The output then goes to a split level converter[^2] (SLC). The sensing elements operates at a lower voltage relative to the rest of the components, so the oscillation is converted to a higher voltage before processing. SLC aux cell handle this low to high conversion while the leakage header using stacked native I/O devices serves as a voltage regulator to generate a lower voltage with high tolerance against supply variations. [^2]: Y. Kim, Y. Lee, D. Sylvester and D. Blaauw, “SLC: Split-control Level Converter for dense and stable wide-range voltage conversion,” 2012 Proceedings of the ESSCIRC (ESSCIRC), 2012, pp. 478-481, doi: 10.1109/ESSCIRC.2012.6341359.

To process the digital oscillation into a temperature reading, a comparison circuit is used consisting of two digital counters and logical components. These ripple counters compare the frequency difference between the sensor oscillator and a reference clock. Note that an invarient reference clock is required. This comparison circuit outputs a 24 bit number corresponding to the temperature. The figure below summarizes the function of the temperature sensor.

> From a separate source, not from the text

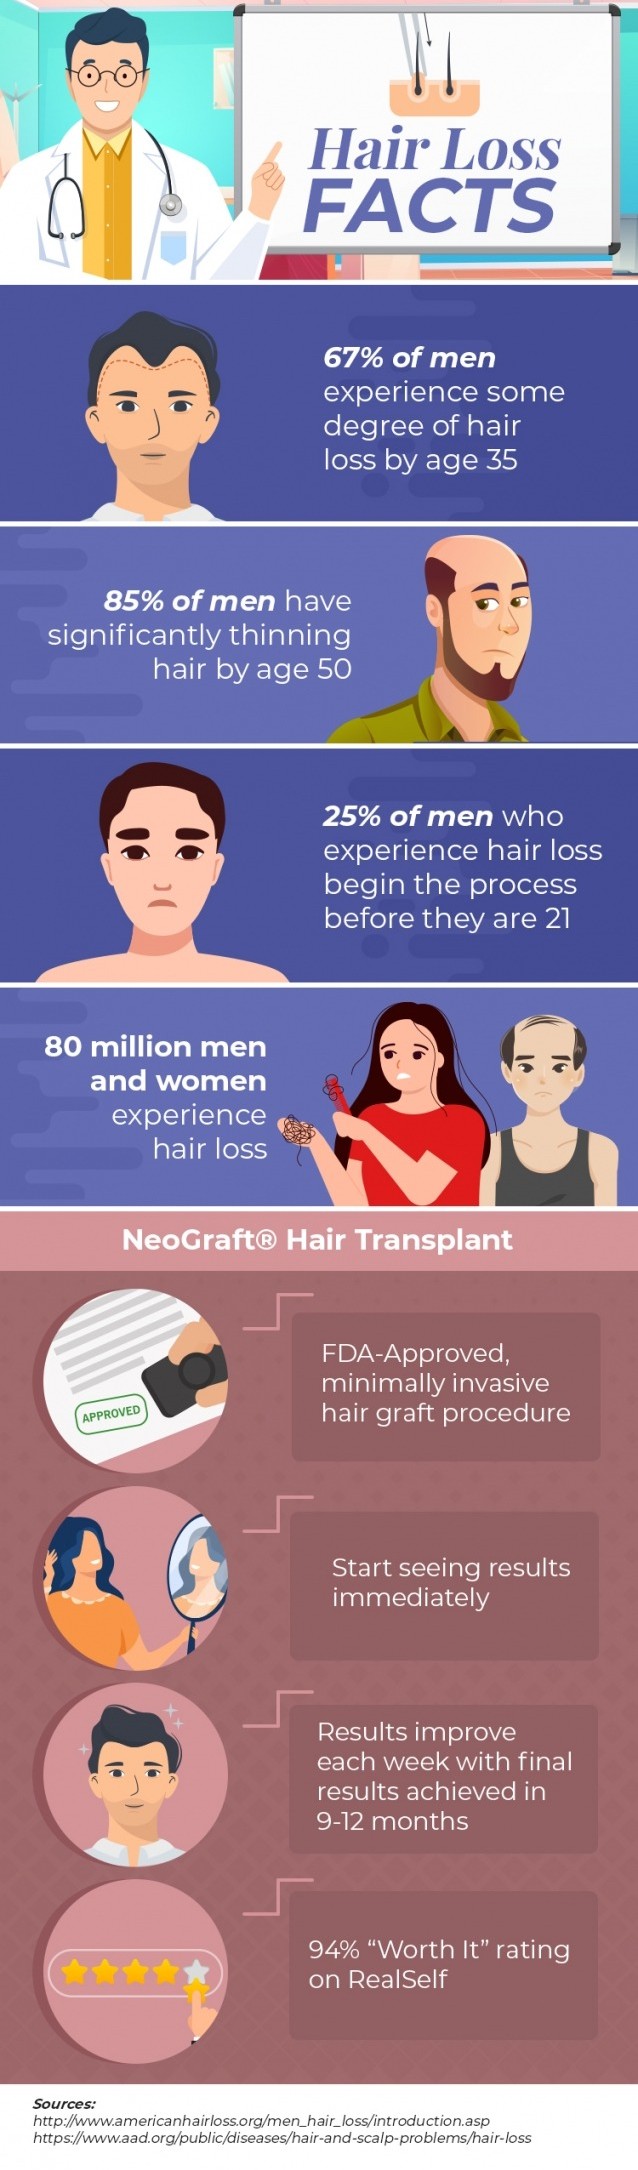 Hair Loss Facts

The temperature sensor will output a 24 bit code, which can be converted to the temperature value based on a known calibration function of the following form

\[T\propto\frac{b}{\ln{d_{out}}-a}\]

\[\text{where }d_{out}\text{ is the 24 bit output,}\]

\[\text{where }a\text{ and }b\text{ are calibration variables}\]

Note that a and b should be experimentally set for a produced chip.

Generator Flow

The temperature sensor applies the below described process to translate a specification into a circuit GDS.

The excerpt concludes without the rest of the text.